All of them say what I already know. Her work is so like Serathil, but not quite. Colorful, but less so. Vivid, almost as if the canvas
moves… but not as much as her masterpieces. Forever a step behind.

They don’t know the decades I spent trying to catch up. Days of
fasting, hours of fervent prayer, begging–pleading with the Divine to
grant me a touch of the same favor. I studied with failed Arcanists
and any Elemental willing to explain the secrets of magic. I spent
vast sums to learn what little they deigned to share–all for naught.

And would they even care? Does anyone recognize the effort that goes into an art form? Do they admire the discipline, the growth, the long transition from unskilled pieces no better than blotches of color to amateurish, misshapen portraits, then finally to lifelike scenery and recognizable faces?

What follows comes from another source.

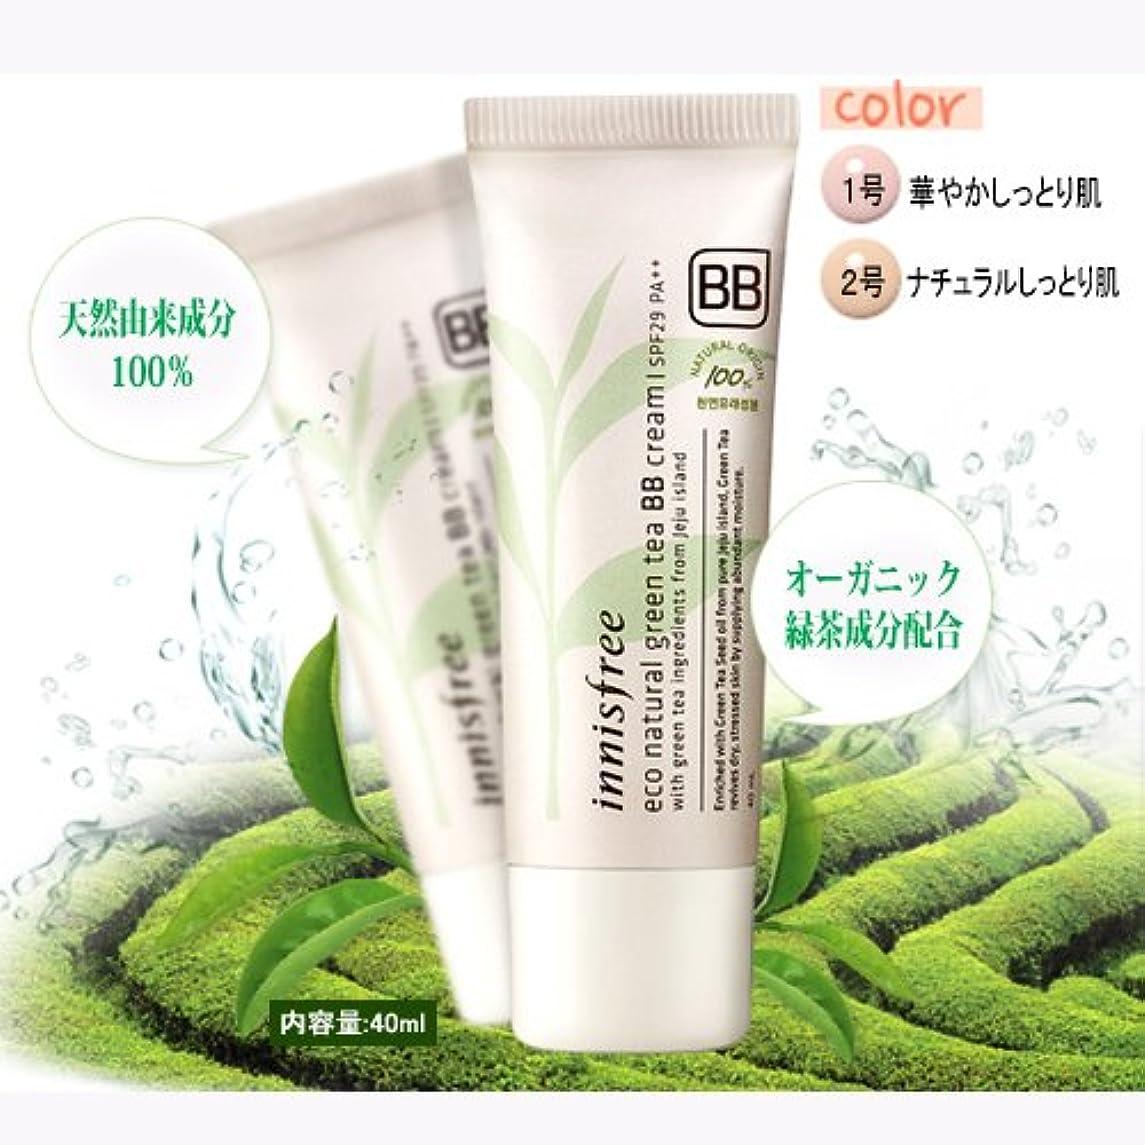 消毒剤絶望レインコートinnisfree/イニスフリー Eco Natural Green Tea BB Cream #02/エコナチュラルグリーンティーBBクリームナチュラルなしっとりお肌 SPF29PA++40ml

Perhaps I never reached Serathil’s perfection, but I’m confident no artist worked harder or did more than me with the raw ability granted her by the Divine.

One woman is born with an effortless gift that leads to inevitable
greatness and recognition. Another comes to the art without noticeable skill, but through constant effort and relentless discipline rises and improves to grasp at the master’s heels. Is that journey worth nothing? Must one surpass all others to be praised, or is it enough to improve beyond one’s present limitations?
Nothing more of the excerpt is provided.